Data Mining Assignment - Automatic News Classification System

0. Some pictures about this project

K-Means Clustering Visualization

K-Means Clustering Distribution K-Means Cluster Purity Matrix Unsupervised clustering analysis showing natural topic separation

Top 10 Model Comparison

Model Comparison Bar Chart Model Performance Heatmap Radar Chart Top 5 Models Comparison of validation, test, and cross-validation accuracy across top 10 models

Confusion Matrix

Confusion Matrix Normalized Confusion Matrix Per-Class Metrics Confusion matrix showing prediction accuracy for each category using the best model

Category vs. Source Distribution

Raw Data Distribution Category-Source Heatmap Cleaned Data Distribution Heatmap showing the distribution of articles by category and news source

Data Split Visualization

Train/Val/Test Split

TF-IDF Features by Category

Top TF-IDF Features

Content Length & Word Count Analysis

Content Length Analysis Word Count Distribution

Cross-Validation Results

Cross-Validation Results

Key Findings

  • Best Model: Linear SVM with ~97% test accuracy
  • Stable Performance: Low validation-test gap (~0.01)
  • Source Independence: Consistent accuracy across all news sources (93-98%)
  • Category Performance: Highest accuracy in thể thao and kinh doanh categories
  • Natural Clustering: K-Means analysis reveals strong natural topic separation, confirming data structure aligns with supervised categories

Key Functions

1. Background & Business Understanding

Modern online news platforms publish hundreds of new articles every day across various domains (e.g., Sports, Business, Entertainment, Technology). Manual classification by editors is time‑consuming, requires consistent human effort, and is prone to inconsistency.

Business Objective

Develop an automated system that reads the full text of an article and assigns it to the correct category with high accuracy.

Business Benefits

  • Reduce manual workload for editors
  • Ensure consistent categorization
  • Improve discoverability and reader experience

2. Data Collection & Understanding

Data Source

Articles are crawled from multiple Vietnamese online newspapers (VnExpress, Tuổi Trẻ, Dân Trí, Thanh Niên, Zing News, VietnamNet, 24h, Người Lao Động).
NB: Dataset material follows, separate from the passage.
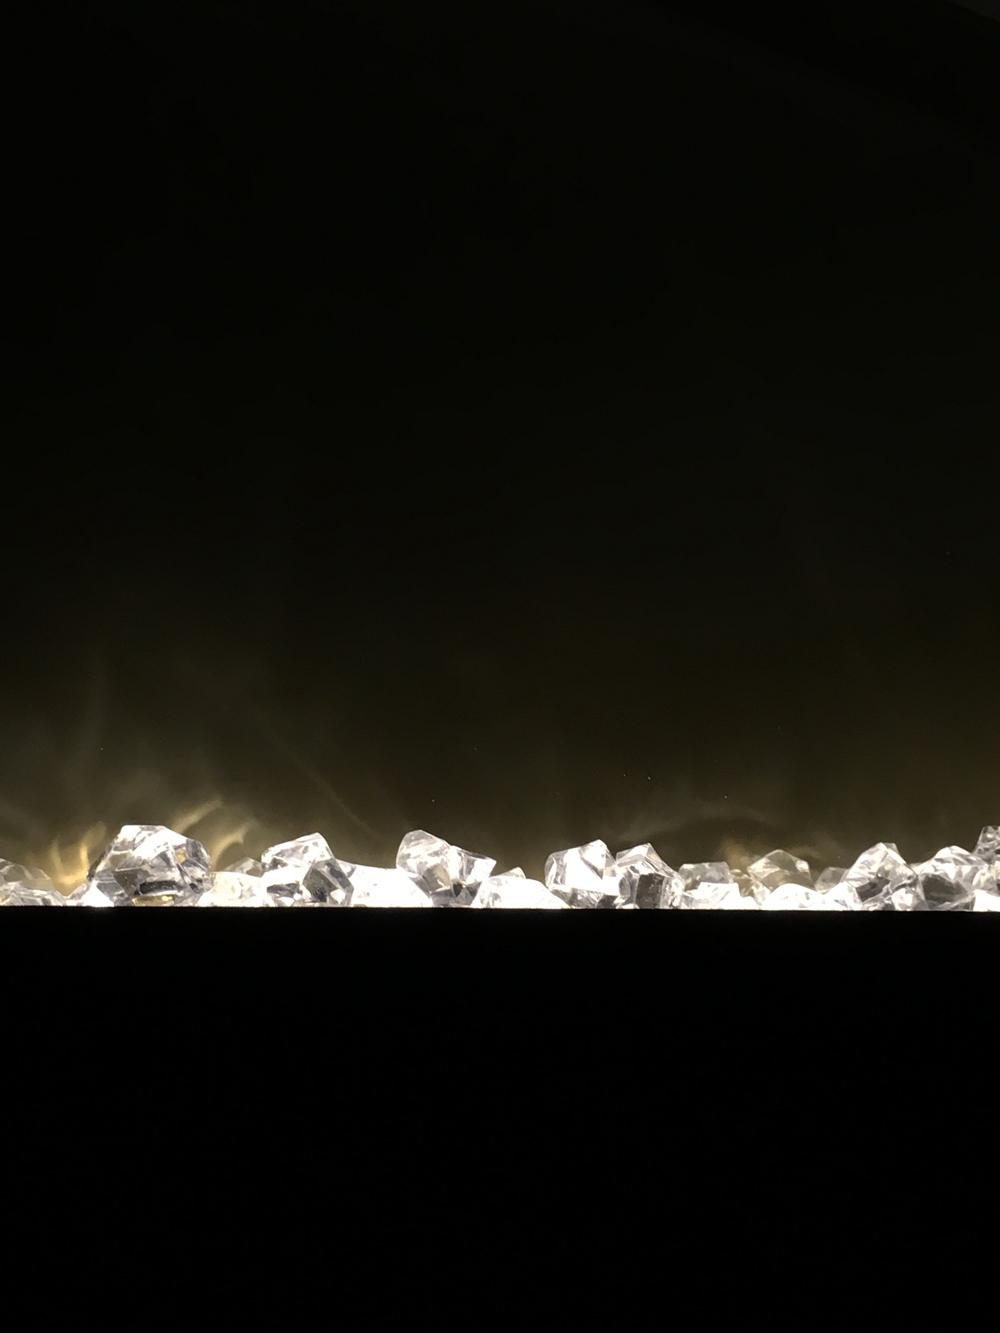 EF-WM363-crystals-21000-x-1333-300-DPI

Dataset includes:

  • Content — full body text of the article (main input)
  • Category — predefined label (target variable): thể thao, kinh doanh, giải trí, giáo dục, khoa học, sức khỏe
  • Source — news website origin

Data Characteristics

  • Textual, unstructured Vietnamese data
  • Multiple news sources for robustness
  • Balanced across 6 major categories

3. Data Preprocessing

Preprocessing is critical in text classification. Poor preprocessing leads to degraded model performance.

Data Cleaning

  • Remove residual HTML/CSS/JS tags
  • Remove URLs, emails, phone numbers
  • Remove special characters and unnecessary punctuation
  • Normalize case (lowercase conversion)
  • Remove numbers and extra whitespace

Vietnamese Tokenization

  • Use underthesea library for Vietnamese word segmentation
  • Handle compound words correctly (e.g., "bóng_đá", "chứng_khoán")

Stopword Removal

  • Remove high‑frequency but low‑semantic words (e.g., "là", "và", "của", "được")
  • Custom Vietnamese stopwords list

Vectorization (Transformation)

Convert text into numeric vectors using TF‑IDF:

  • TF — term frequency within a single document
  • IDF — inverse frequency across corpus
  • Configuration: max_features=5000, ngram_range=(1,2), min_df=2, max_df=0.8

Data Balancing

  • Option to undersample or oversample to balance categories
  • Ensure fair representation across all categories

4. Modeling

Supervised Learning: Multiple Algorithms Comparison

  • Linear SVM (Best performer - 97% accuracy)
  • Logistic Regression
  • Naive Bayes (baseline)
  • Random Forest
  • XGBoost
  • Gradient Boosting
  • SGD Classifier
  • Decision Tree
  • K-Nearest Neighbors
  • SVM with RBF Kernel
  • AdaBoost
  • Ensemble (Voting Classifier)

Unsupervised Learning: K-Means Clustering

  • Applied K-Means with k=6 (number of categories)
  • Discovered natural topic clusters in data
  • Extracted top 15 keywords per cluster
  • Analyzed cluster purity and alignment with true categories
  • Visualized using PCA + t-SNE dimensionality reduction

5. Model Evaluation

Data Split

  • 70% Training
  • 10% Validation
  • 20% Testing
  • Stratified split to maintain category distribution

Metrics

  • Overall Accuracy
  • Per‑class Precision, Recall, F1‑Score (multi‑class evaluation)
  • Cross-validation scores (5-fold CV)
  • Confusion Matrix to inspect inter‑class misclassification patterns
  • Source-specific accuracy analysis

Evaluation Results

  • Linear SVM achieved 97.07% test accuracy
  • Very low overfitting (validation-test gap: 0.01)
  • Consistent performance across all news sources (93-98%)
  • High precision and recall across all categories

6. Unsupervised Analysis

K-Means Clustering Insights

  • Natural clusters strongly align with supervised categories
  • High cluster purity (>70% on average)
  • Clear topic separation visible in t-SNE visualization
  • Cluster keywords accurately reflect category themes:
    • Sports cluster: "bàn_thắng", "cầu_thủ", "huấn_luyện_viên"
    • Business cluster: "doanh_nghiệp", "kinh_tế", "đầu_tư"
    • Entertainment cluster: "nghệ_sĩ", "phim", "ca_sĩ"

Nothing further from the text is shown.